Федька, не желая тревожить помешанного, хотел спуститься в село, но взгляд за что-то зацепился. В траве лежал располовиненный человек. Это был командующий батареей Клубничкин, которому Федька с утра отряжал лучших реквизированных коней. Клубничкин ещё пару часов назад жадно облизывал толстый рот, а теперь лежал, разбросав в траве кишки. Федька решил бежать до самого главного начальника, Евгения Верикайте, но вспомнил, что тот мучается в бреду. Или нужно было задержать Гену? Парень с сомнением посмотрел на дурачка, который был совершенно чист, тогда как всё вокруг было забрызгано кровью.
– Аг! Аг! Аг! – прокричал дурачок, схватил Канюкова за рукав и потянул в глубь сада.

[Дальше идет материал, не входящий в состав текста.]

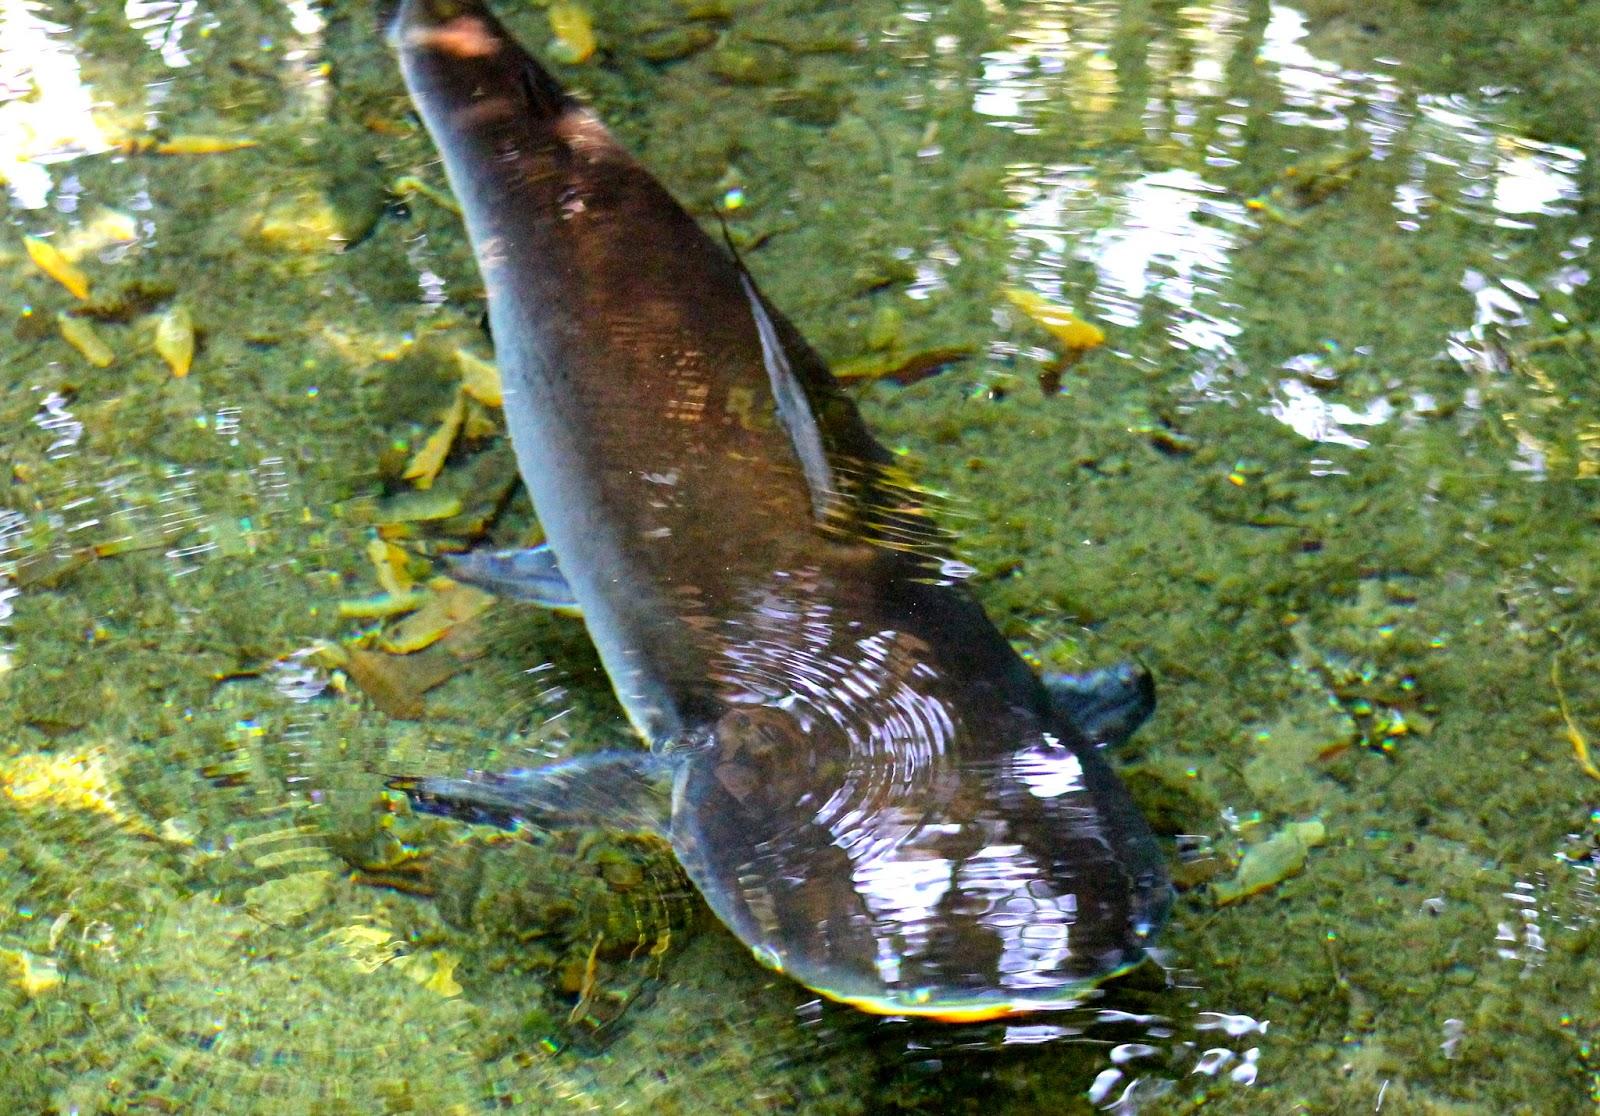 Catfish Habitat | Safari Mike Paroon Shark Catfish

Там загудело, будто яблоневая опушка собралась сделать шаг вперёд. Движение передалось Гене, но с обратным свойством. Юродивый настырней потянул в кусты. Федька попятился, упал и, вырвавшись из неожиданно сильных объятий, побежал в село.
Когда в садах собрались командиры, Гена уже исчез. Последним без спешки пришёл комиссар. Он нёс свою голову в руках. Она болела. Комиссар некоторое время рассматривал убитого Клубничкина и, поморщившись, отвёл руку за перпендикулярную спину. Федька ждал, что сейчас его стегнут полупрезрительным окриком, станут расспрашивать, но Мезенцев молчал.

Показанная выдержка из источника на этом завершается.